[Task details] Every line of the material is to be returned verbatim. Pictures stay out.

[Given data]
--------------------

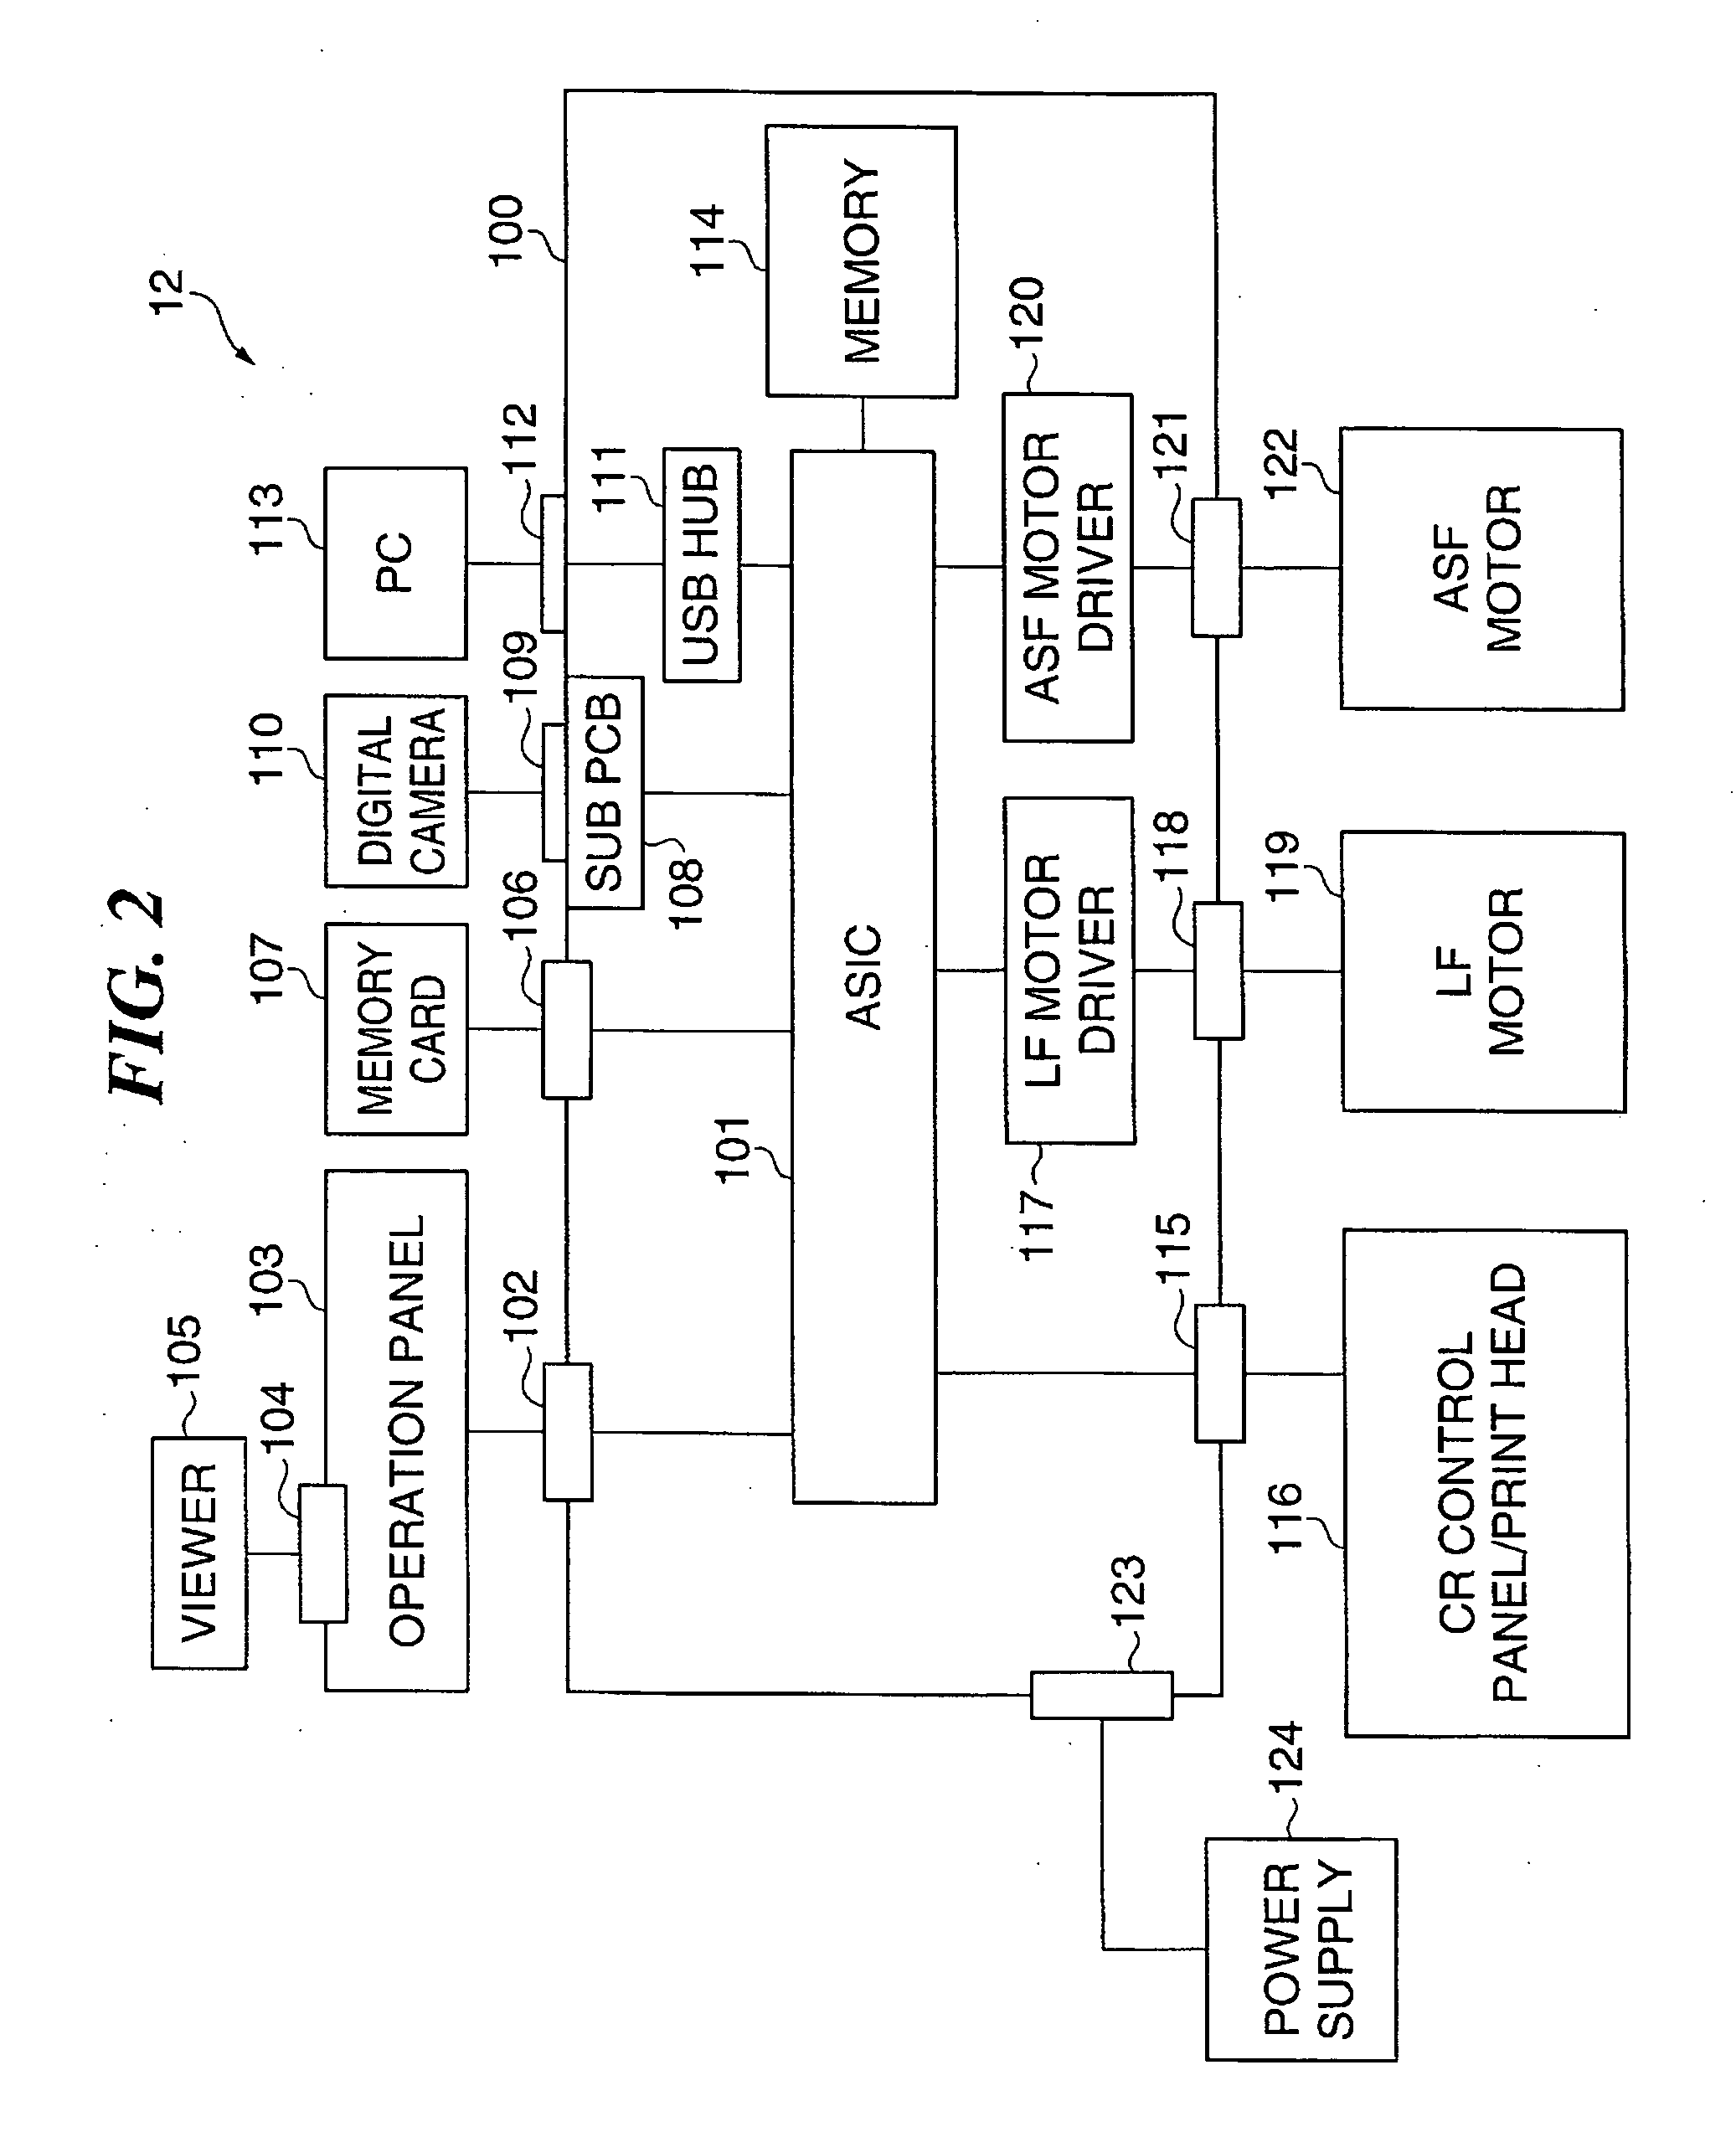 Image recording apparatus, method of generating print data for the same, and control program for implementing the method
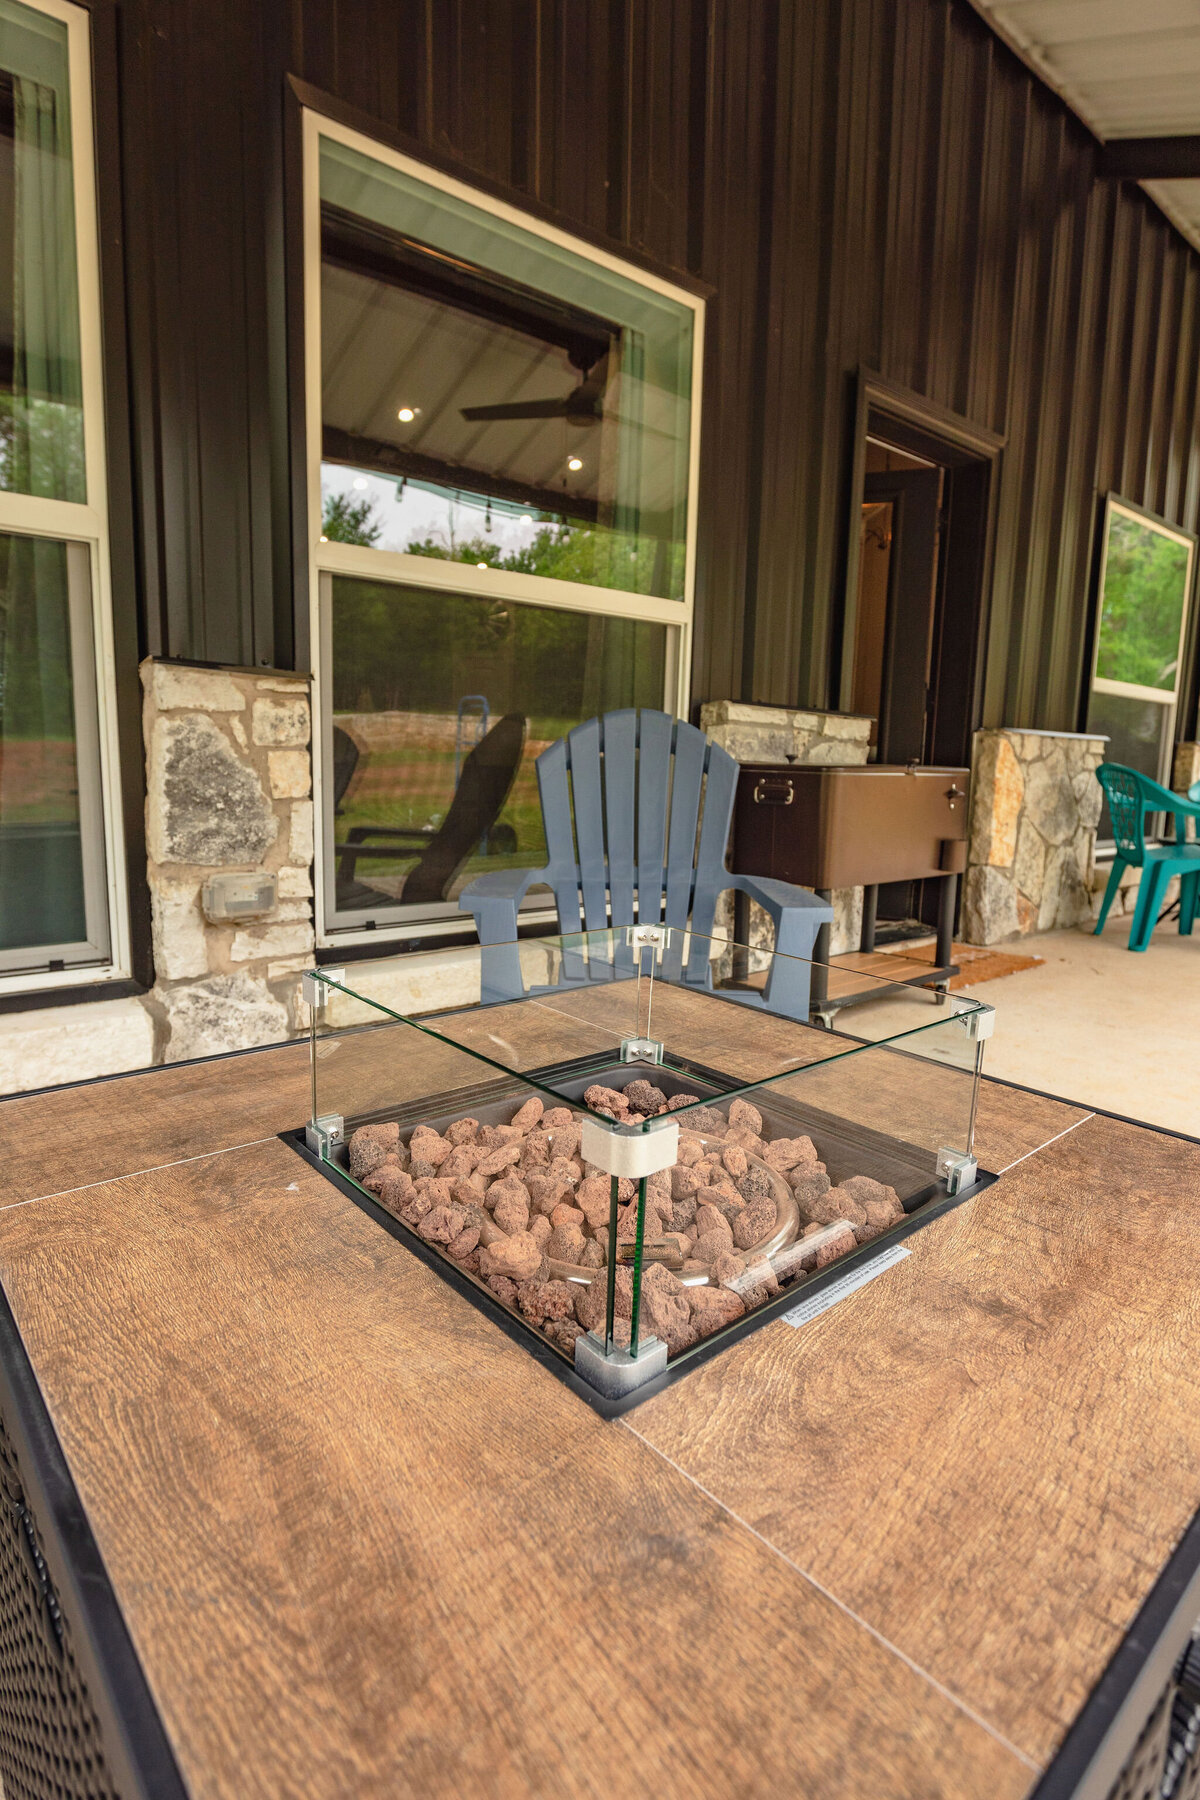 Outdoor patio with firepit and plenty of seating at this five-bedroom, 3-bathroom vacation rental house for up to 10 guests with free wifi, private parking, outdoor games and seating, and bbq grill on 2 acres of land near Waco, TX.
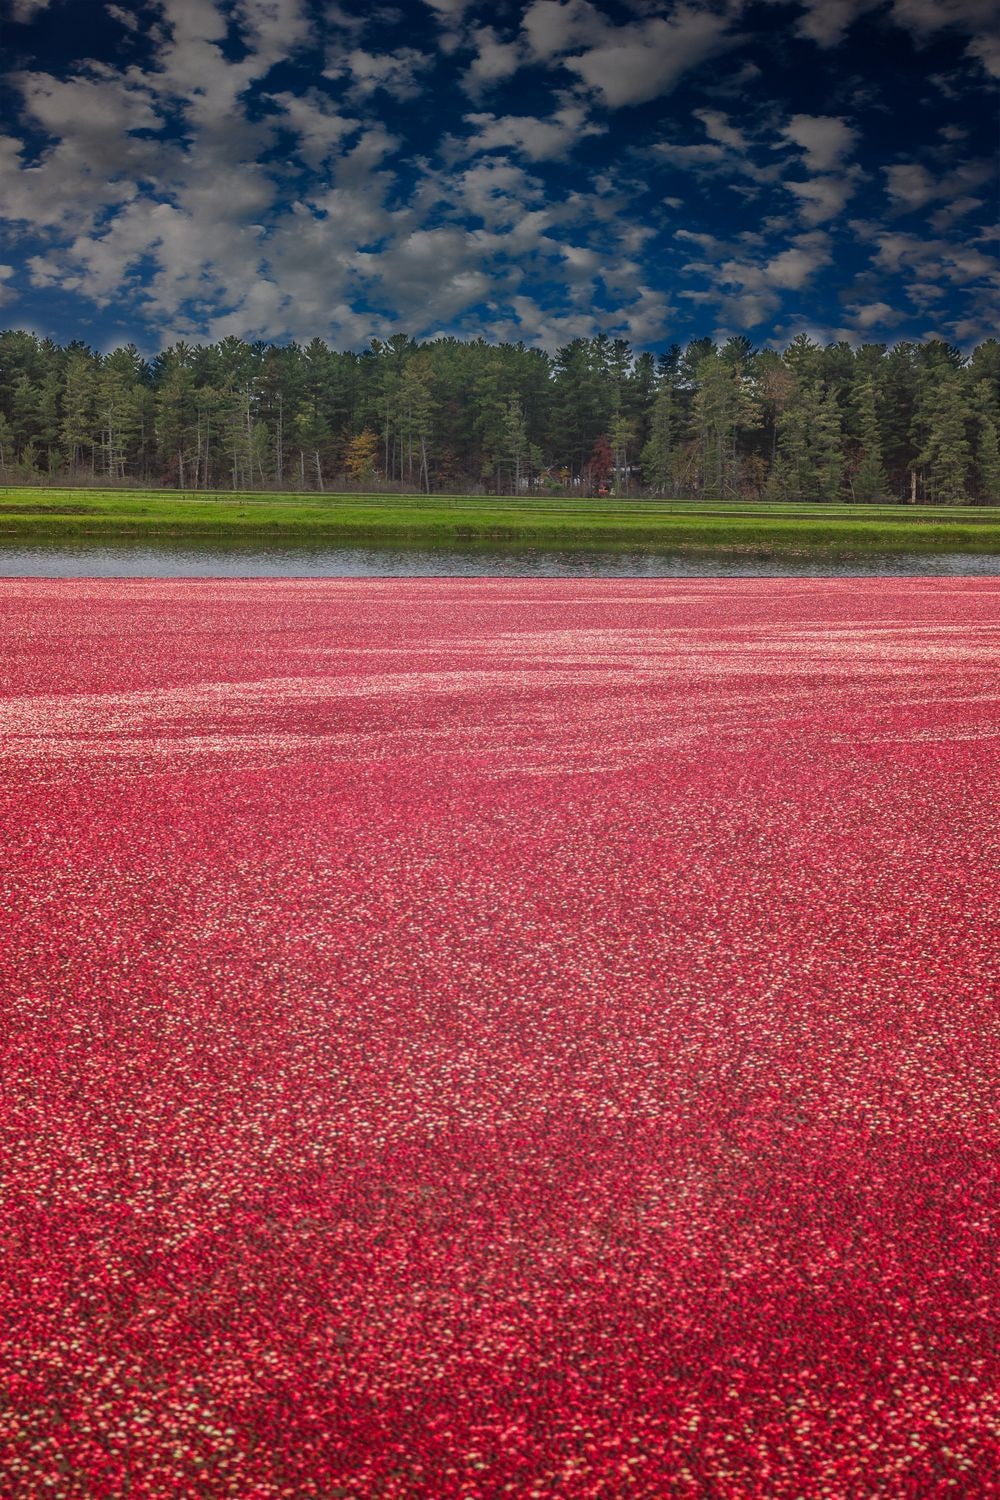 Cranberries floating in water near door County in Wisconsin ready for harvest.

--------------------

[Exercise solution]
 Image recording apparatus, method of generating print data for the same, and control program for implementing the method
 Outdoor patio with firepit and plenty of seating at this five-bedroom, 3-bathroom vacation rental house for up to 10 guests with free wifi, private parking, outdoor games and seating, and bbq grill on 2 acres of land near Waco, TX.
 Cranberries floating in water near door County in Wisconsin ready for harvest.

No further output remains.